Теперь он желает… чего же? Да, придти в ярость. «Но сначала позвольте закрыть глаза. Всего на миг. Позвольте отыскать свою волю…»
— Драконус?
— Да?
— Ты слышишь барабаны? Я слышу барабаны.
— Гром… — Он замолчал, повернулся, глядя на изрытый молниями, безумный горизонт. — О боги.
Хаос нашел новый способ дразнить их. Легионами в боевом порядке — сверкает оружие и доспехи, развеваются стяги, острые как молнии. Бесконечные ряды смутно человекоподобных тварей, форму которым придает лишь воображение; невообразимое количество — они не маршируют, а скорее текут, пенным прибоем поглощая землю — они всего в лиге. Блестят наконечники копий и пик, круглые щиты похожи на водовороты. Барабаны — гремящие кости, гул обезумевших шершней.
«Так близко … неужели голод уловил свежий запах и устремился к нам пуще прежнего?
Есть ли в буре что-то… понимающее, чего хочет?»
— Не понимаю, — сказал Жемчужина. — Как хаос может иметь форму?
— Возможно, друг, мы ищем проявлений того, что таится внутри нас. Наша тайная любовь к разрушению, наслаждение гибелью, темнейшая радость. Возможно, когда они наконец догонят нас, мы поймем: они — это мы, а мы — это они.
— Что Драгнипур рассек нас надвое, и хаос желает склеить нас обратно. Ох, Драконус, ты что, разум потерял?
— Если они — зло наших душ, Жемчужина, то желания их очевидны.
— Может, это не просто наши души, — подумал вслух Жемчужина, утирая кровь с глаз. — Возможно, каждая душа с начала творения. Может, Драконус, при смерти зло извлекается из нас и пропадает в царстве Хаоса. Или зло выживает дольше всего остального…
Драконус промолчал. Мысли демона ужаснули его, и он подумал — о, он еще думает! — что Жемчужина открыл страшную истину. Истина где-то посередине его предположений.
«Где-то посередине… думаю… есть тайна. Важнейшая тайна.
Где-то…»
— Не желаю встречать злого себя, — заявил Жемчужина.
Драконус покосился на него: — А кто желает?

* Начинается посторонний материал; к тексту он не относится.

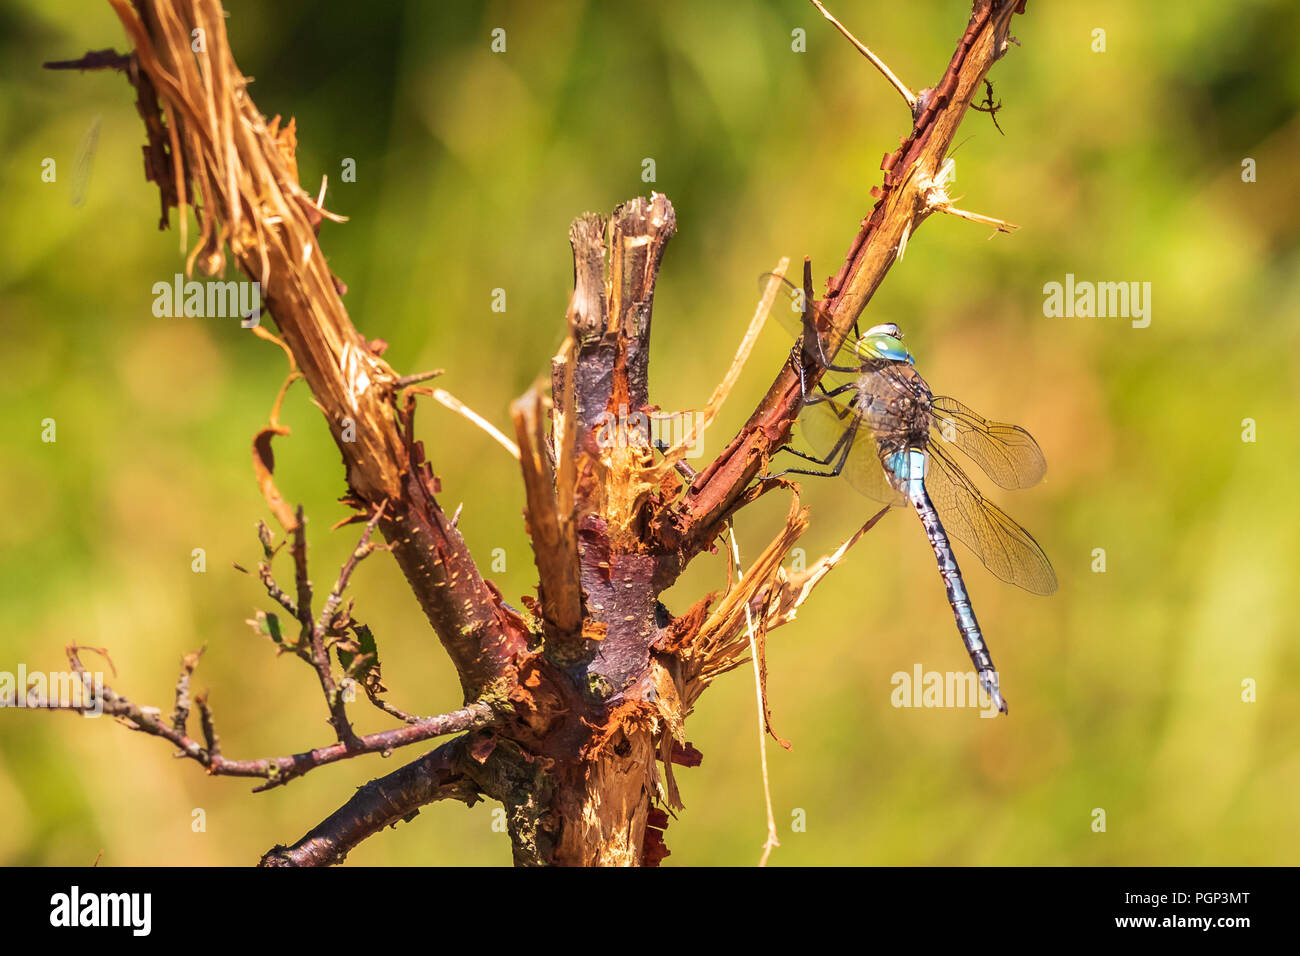 Nahaufnahme von einem geringeren Emperor dragonfly Anax parthenope, ruhend unter Blätter in einem Baum in einem Wald an einem sonnigen Tag. Stockfoto

Дич мечтал, ибо мечты стали последней дорогой к свободе. Он мог шагать, протягивать руки, переделывать все вокруг. Он мог творить мир таким, каким желал его видеть — местом справедливости, местом, в котором он был бы богом и видел человечество в истинном свете: толпой неуправляемых, малость смешных детишек. Мог смотреть, как они хватают вещи, когда думают, что никто их не видит. Как ломают вещи, крадут вещи. Слушать горячие оправдания, внимать списку извинений. Созерцать, как они каются, каются и каются, а потом делают то же самое. Дети.
Обладая божественными силами, он научил бы их пониманию последствий (самый суровый урок, самый трудный для заучивания). Он мог бы учить их, ибо сам научился единственно возможным способом — через шрамы и сломанные кости, через боль вкусившей страх души, через непоправимый ущерб, ставший следствием его бездумных решений.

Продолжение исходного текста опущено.